Why did the Hessians not cross the road?

Because they were chicken.

Time for a barbeque!!!!!

Dave, if it weren't for the Hessians and their love of beer, Washington crossing of the Delaware wouldn't have gone nearly as well, and the Republic might be dead.

Porky's III, A Night With The Hessians.

Yes, Texgal, we Southerners know what to do with a monster pig--build a bigger fire!

♪♫♫♪
Monster Pig, Monster Pig
Does whatever a Monster Pig does
Can he block all the cars?
Yes he can. He's a pig.

Allen, so do we Cubans. Piggy roast!!

Wussians. It's a pig!

Run away, run away it's a pig.

That's some pig.

Siouxie, Cuban-Floridian counts as Southern to us! I'll bring the sauce...
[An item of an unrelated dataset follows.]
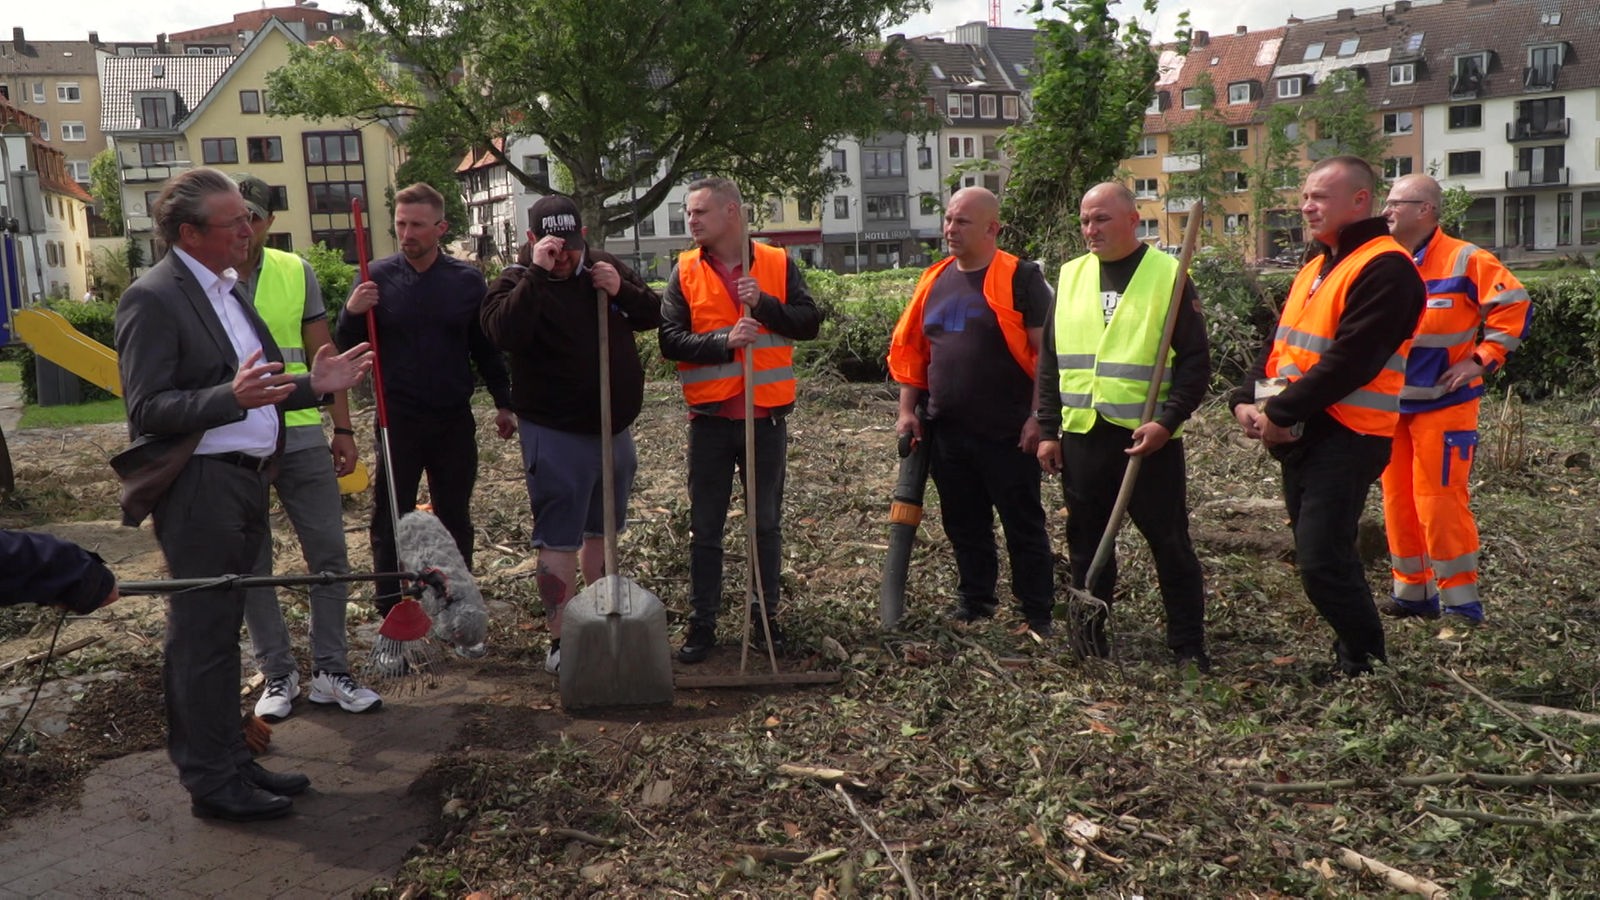 Po tornadzie w Paderborn: Polscy pomocnicy z miast partnerskich sprzątają – Westfalia-Lippe – aktualności

Monster pig...reminds me of a night in Crossett, Ark. A lot of alcohol was involved.

WTFBBQ? I was just going to market.

We're gonna need a bigger boat grill.

Some pigs are more equal than others.

This is obviously the little piggy that went to market.

Traffic Ham?

If you can't get through, all you can do is pull over and put the car in pork.
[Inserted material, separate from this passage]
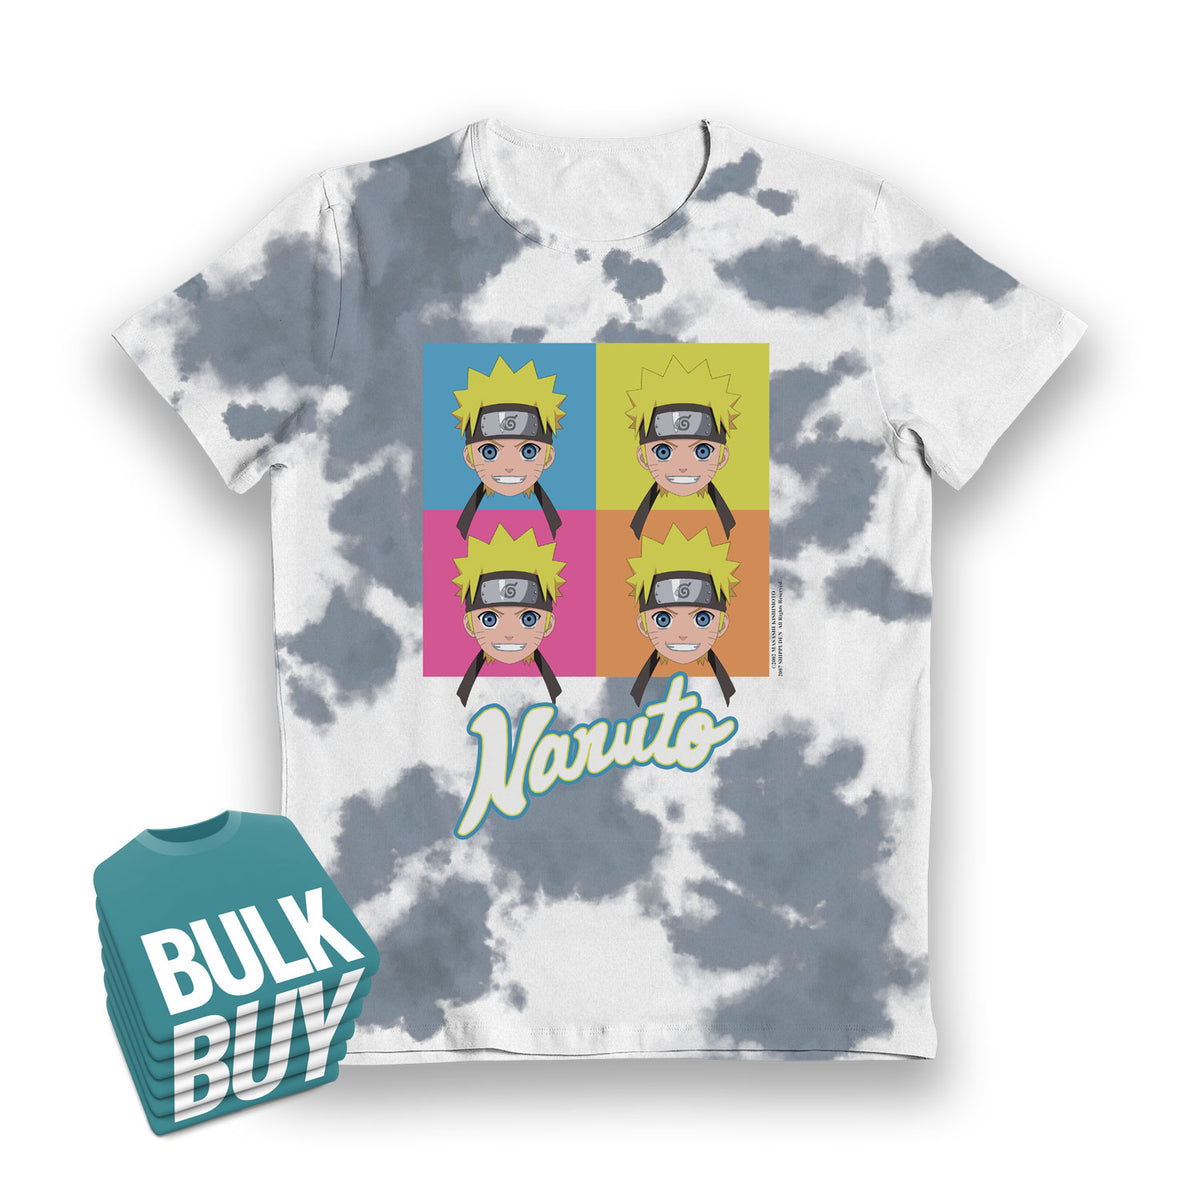 Naruto Faces Tie Dye Blue & White Kids T-Shirt - Bulk Buy

I like the dubbed videos where everybody's screaming in German but all you hear is "Hogzilla! Hogzilla!"

I lived in Hesse for 8 years, and I gotta tell ya - the drivers there would have just run it over or gone around it. I guess they turned into roadwimps once I left.

They wouldn't bar-b-q it. They thought us Americans were weird because we ate ribs, hamburgers, and hotdogs. Ok, maybe I can understand the hotdogs.